しばらくして互いに同じタイミングで引っ越しをした。なんと家同士が徒歩10分圏内の近所だったので、会う頻度がとんでもなく増えた。
ほかの友人も交えながらほとんど毎日のようにうちに来たり、一緒に飲みに行くようになった。
私は妹か弟が欲しかった末っ子なので、一つ歳下というだけで「妹が居たらこんな可愛いのだろうか」と楽しくてお姉さんぶったりもした。
おいしいものをもらうと彼女に分けたかったし、クッキーがうまく焼けたら彼女に届けた。
彼女は、うちにご飯食べにくるときにはタッパーにおかずやフルーツを詰めて持ってきた。
もしかしたら私たちは、同じ気持ちだったのかもしれない。そうだとしたら嬉しい。


私たち夫婦が青森へ引っ越すことになったときは前日の夜から手伝ってくれて、家を出る瞬間はさびしくて二人で抱き合って泣いた。
私が青森に引っ越した今も何度も遊びに来てくれているし、私も帰省するときには連絡を入れてご飯を食べに行ったりする。
こうした交流が続いていることは嬉しいけれど、やはり私はいつかまた彼女と近所に住みたいと思ってしまう。

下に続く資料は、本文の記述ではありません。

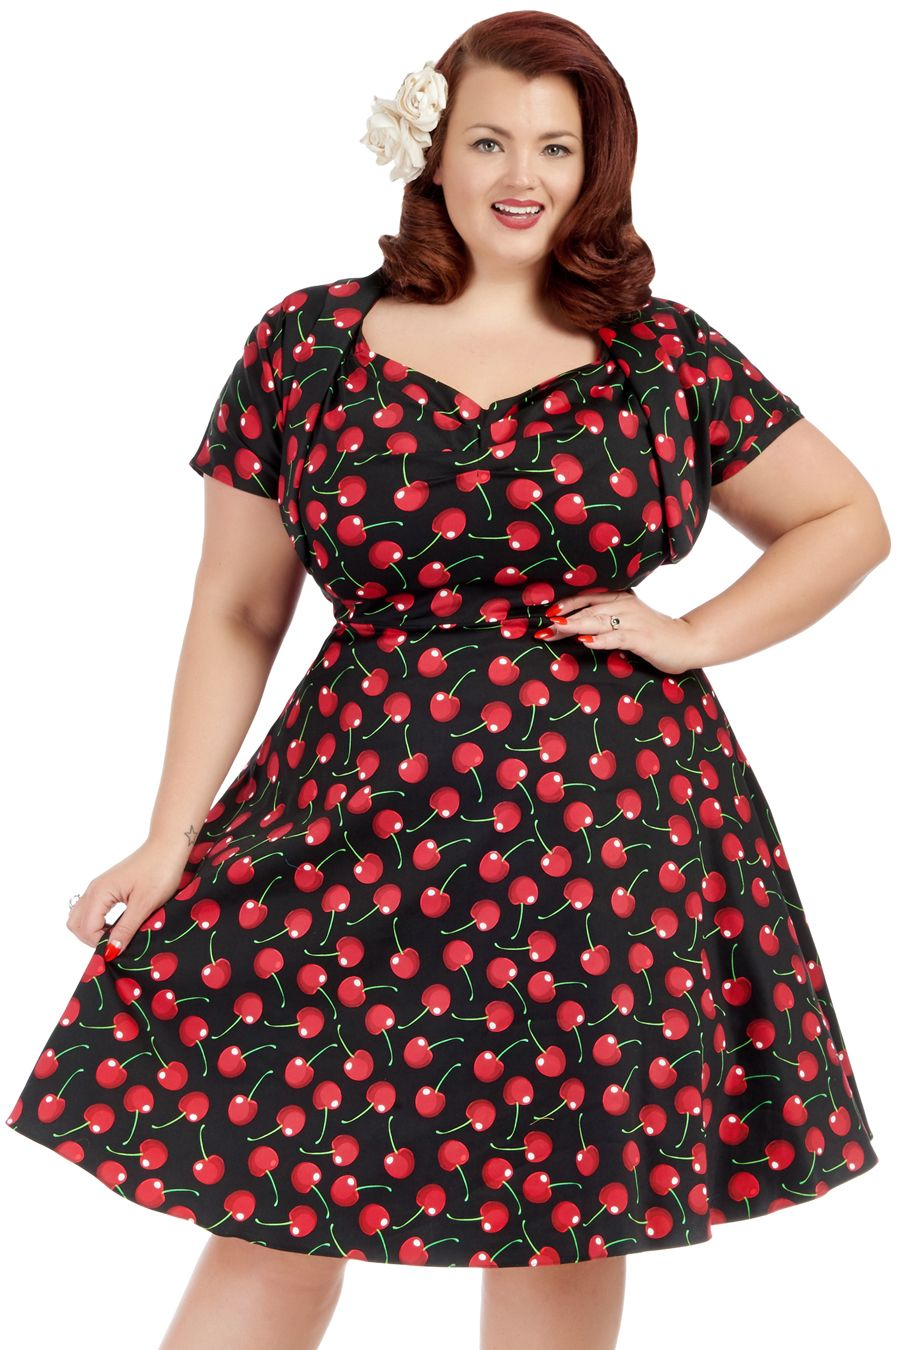 f1776b0f51 Cherries on Black Bolero Sweetheart Dress : Lady Voluptuous ...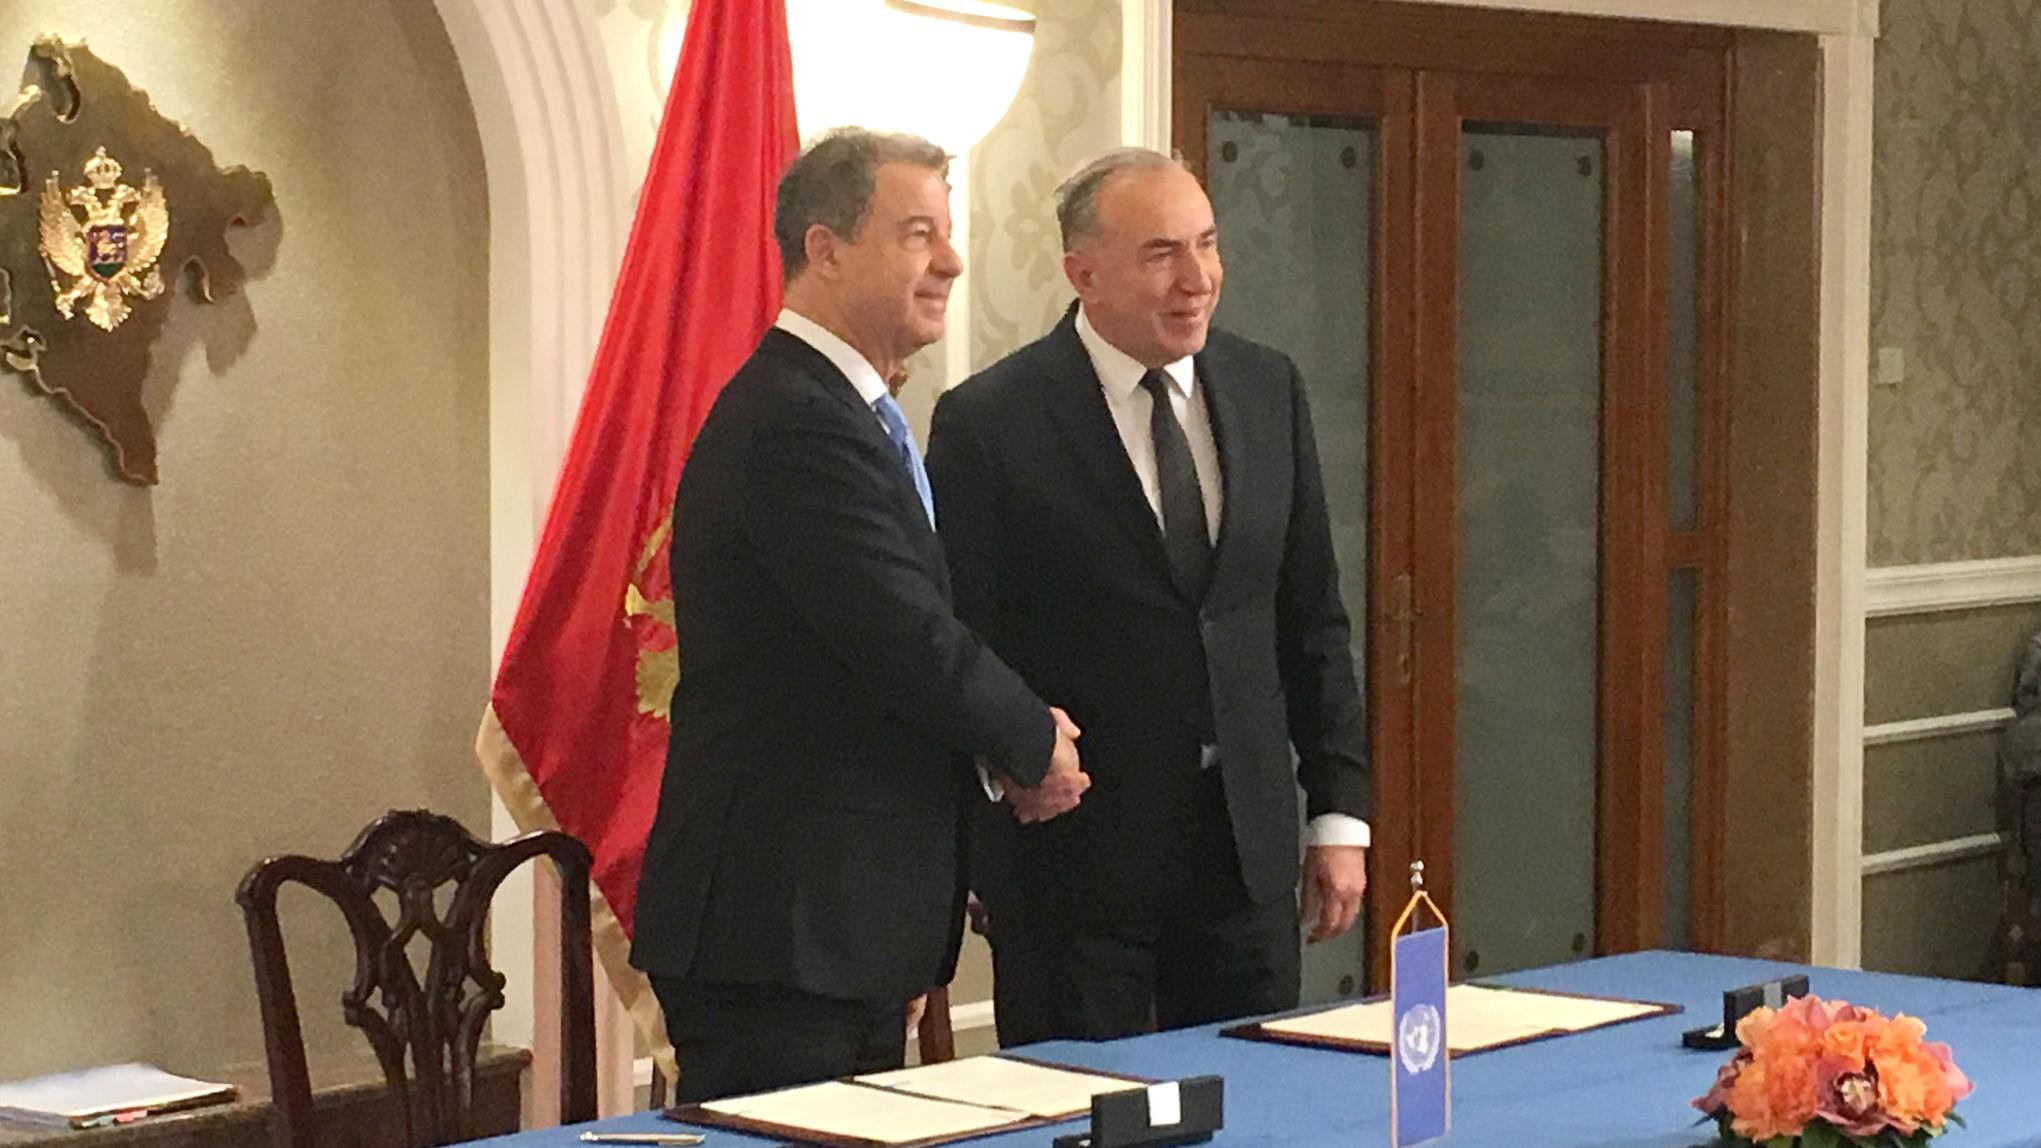 Glavni tužilac Mehanizma, Serge Brammertz i vrhovni državni tužilac Crne Gore Ivica Stanković

数年前、彼女に恋人ができたときはすぐに報告してくれて、私と夫にも紹介してくれた。
初めて彼女の恋人に会った時、一緒に居る空気がすんと馴染んでいて「この二人はずっと一緒に居るんだろうな」となんとなく思った。
今にして思えばそれは私の願望だったかもしれない。
彼女の恋人は、彼女のいいところは彼にとってさほど重要ではなさそうで、むしろ彼女のコンプレックスになり得る部分を慈しんでいるように見えた。
不思議なことに、そういった人間同士はいろんな歯車がバランスよくかみ合う気がする。


私は彼女のことが大好きであるにも関わらず、彼女のどんなところが魅力かと問われるとうまく答えられない。
他の友人たちについては「めちゃくちゃ優しい」「煙草くれる」「酒が強い」「話が面白い」など適当に出るのだが、彼女については何故かそういったものがポンと浮かばない。

ただ漠然と、美味しいものを食べて健やかであってほしいなと思う。
世話を焼きたいなどという厚かましいものとはまた別で、ただいろんなことや人に恵まれる人であってほしいといつも願うように思う。
出しゃばりでない彼女の、川底にあるキラキラしたものを見つけてすくい上げてくれるような人が、やさしく甘い香りにつられて蝶々が集まってくるような、そんな出会いがたくさん起こると良い。
最高のパートナーに出会えた彼女は、きっとこれからも素敵な縁に紡がれていくだろうと思う。